# The soldier looks out the window......



## Pappy (Mar 18, 2019)




----------



## Tommy (Mar 18, 2019)

Thanks Pappy.  It's especially poignant when you consider that, more likely than not, the soldier was only in his early 20s at the time.


----------



## 911 (Mar 19, 2019)

That’s beautiful Pappy. Too bad people didn’t have that mentality when we came home from Vietnam.


----------



## cdestroyer (Mar 19, 2019)

An now that the attitude towards certain actions has come to be challenged. The actions of the returning fighters is no longer
acceptable. Such as that shown in the "kissing sailor" photo from wwii. Woman today reject any and all advances "upon their bodies" as vulgar and a ****** assualt...


----------



## oldman (May 31, 2019)

The last two verses kind of hit home, although I wasn’t married. I still remember on my second day home, I decided to drive over to the American Legion and have a beer and hope a few of the “old gang” was there. I felt like I was missing something in my life. Like a piece of me was left behind and I needed to talk to someone that understood. 

As I walked in, I saw the bartender looking right at me with a big smile on his face and said that he heard that I was home.
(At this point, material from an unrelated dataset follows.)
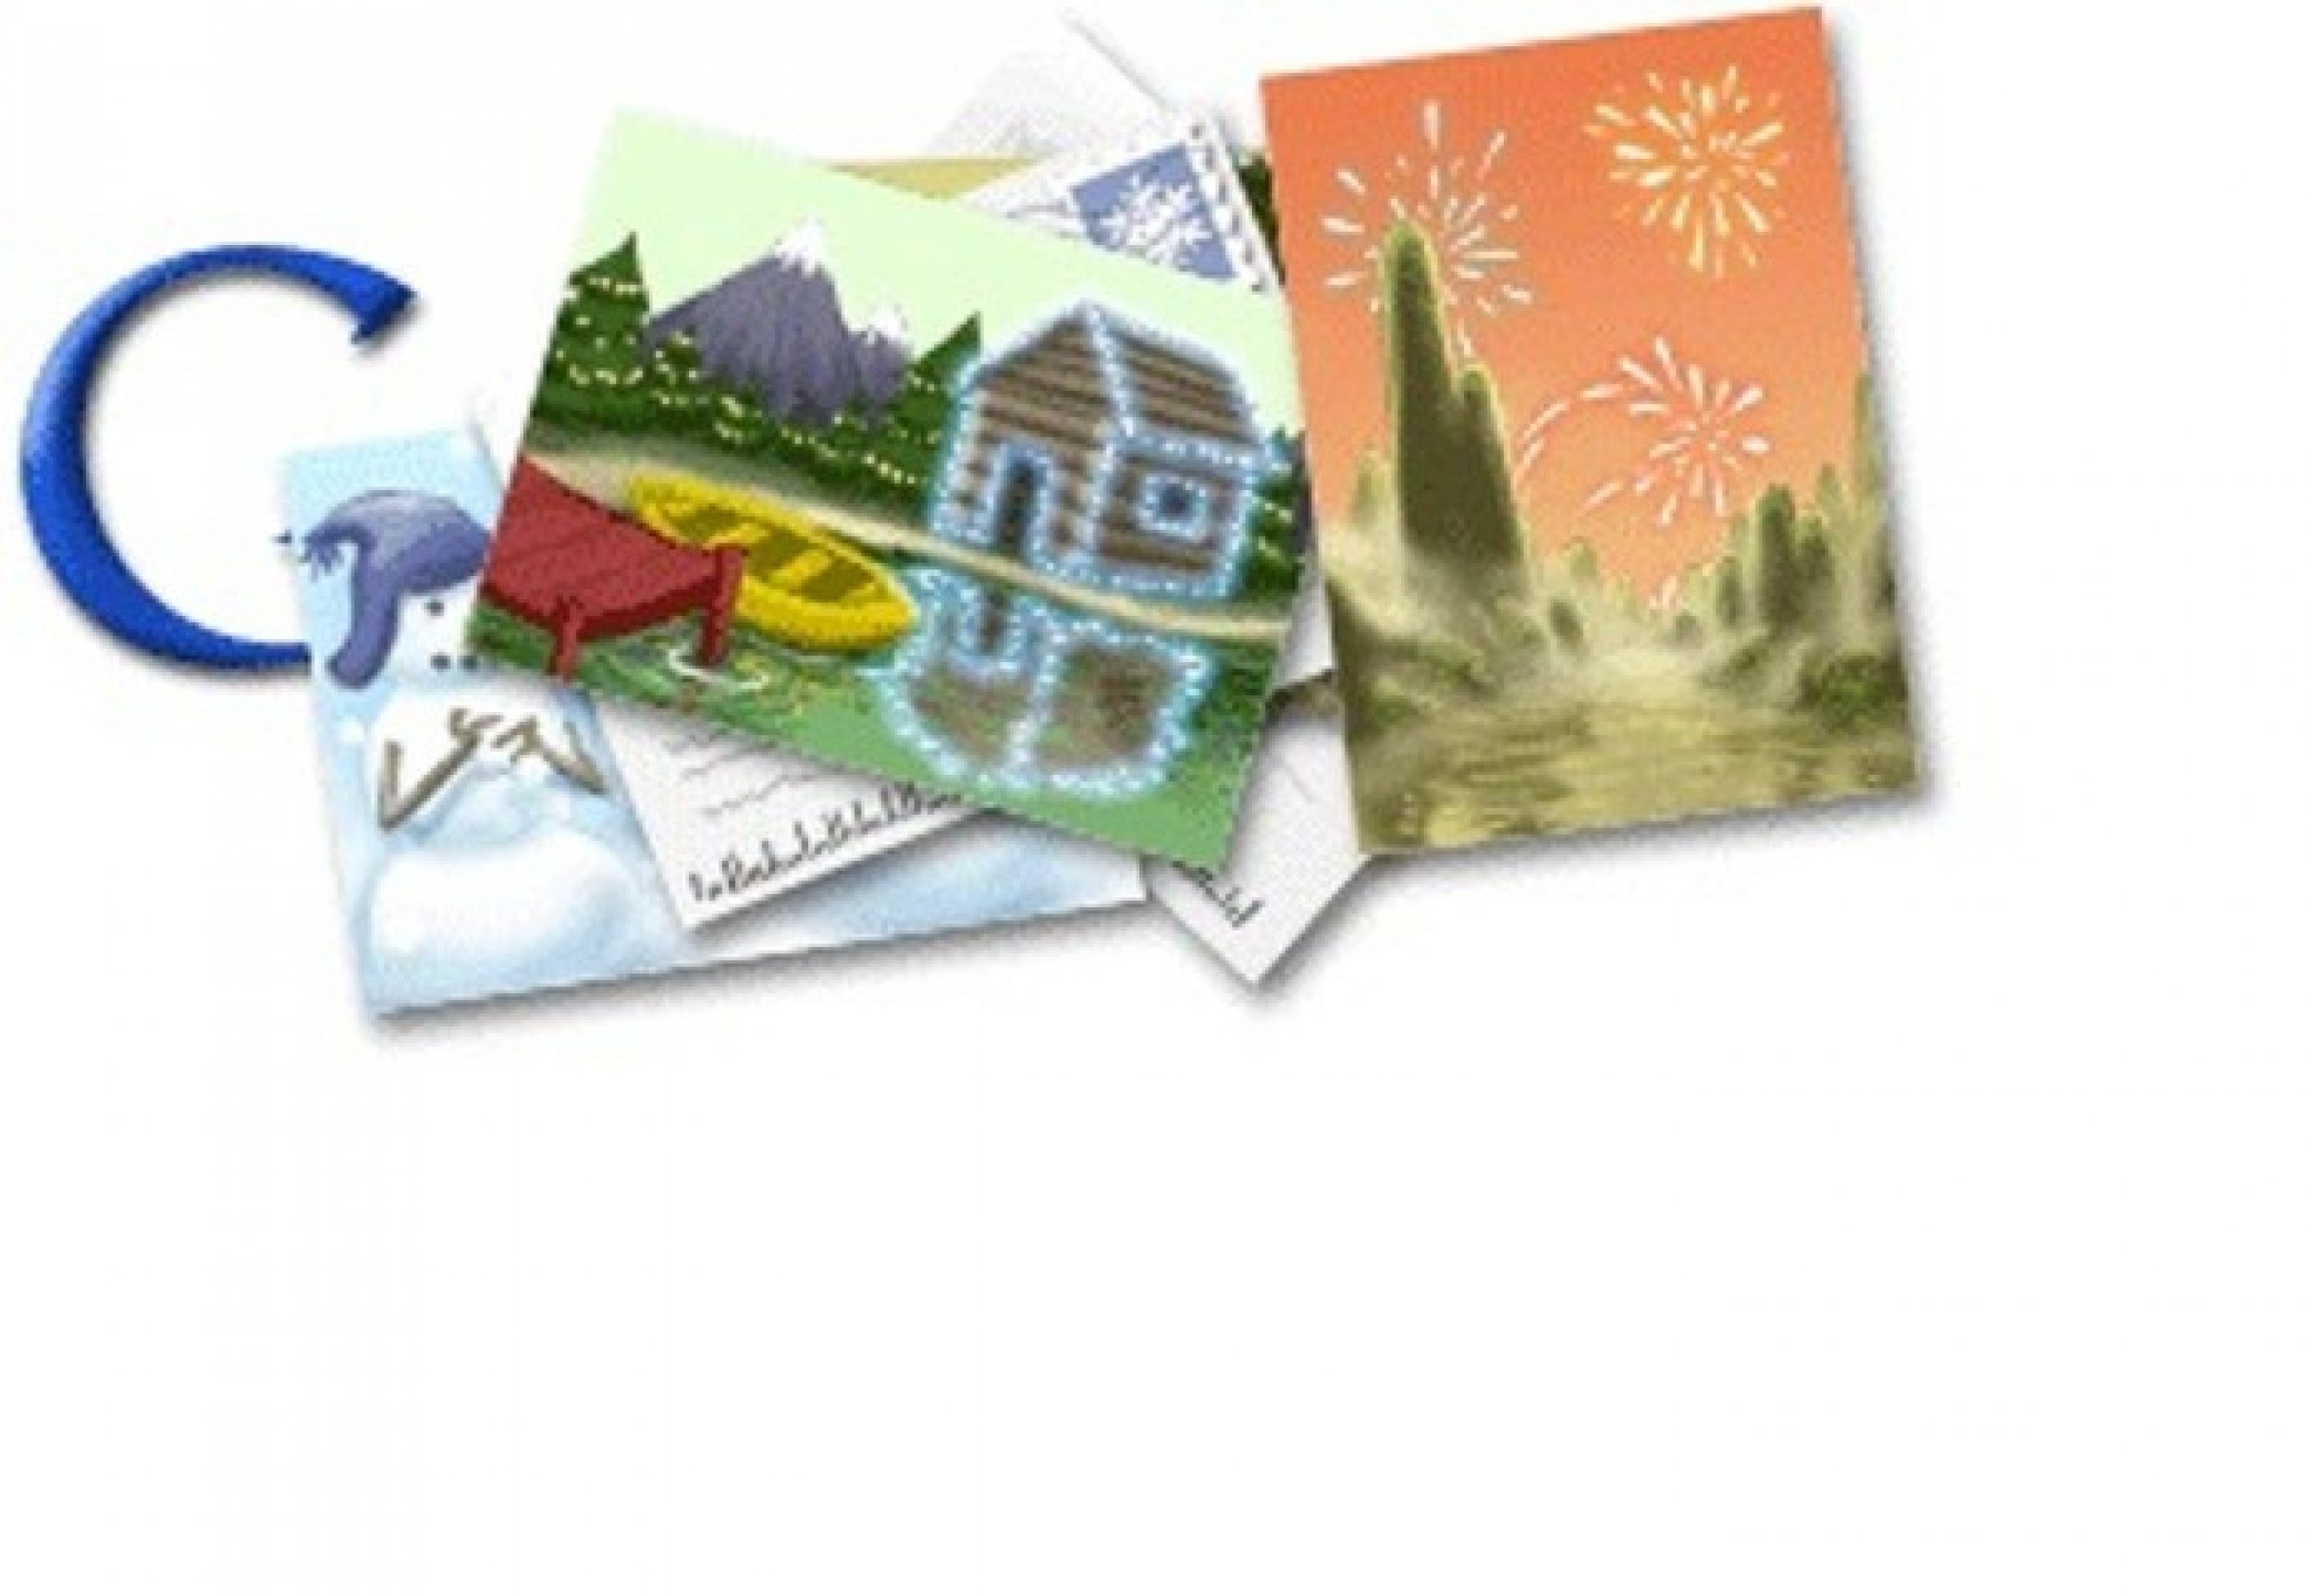 Google Doodle happy holidays 2009

Of course, the first round was on the house. Next thing I knew, a few more vets gathered around and we talked about everything, except combat. No one, including me, wanted to talk about our actual experiences. In fact, the first question that was asked was, “How’d you like those C-rations?” I told them that the spaghetti wasn’t too bad and then we all laughed. 

It was a great day being with people that understood. I came to realize that day that men can tell each other that they love one another without saying the words and that works for me.


----------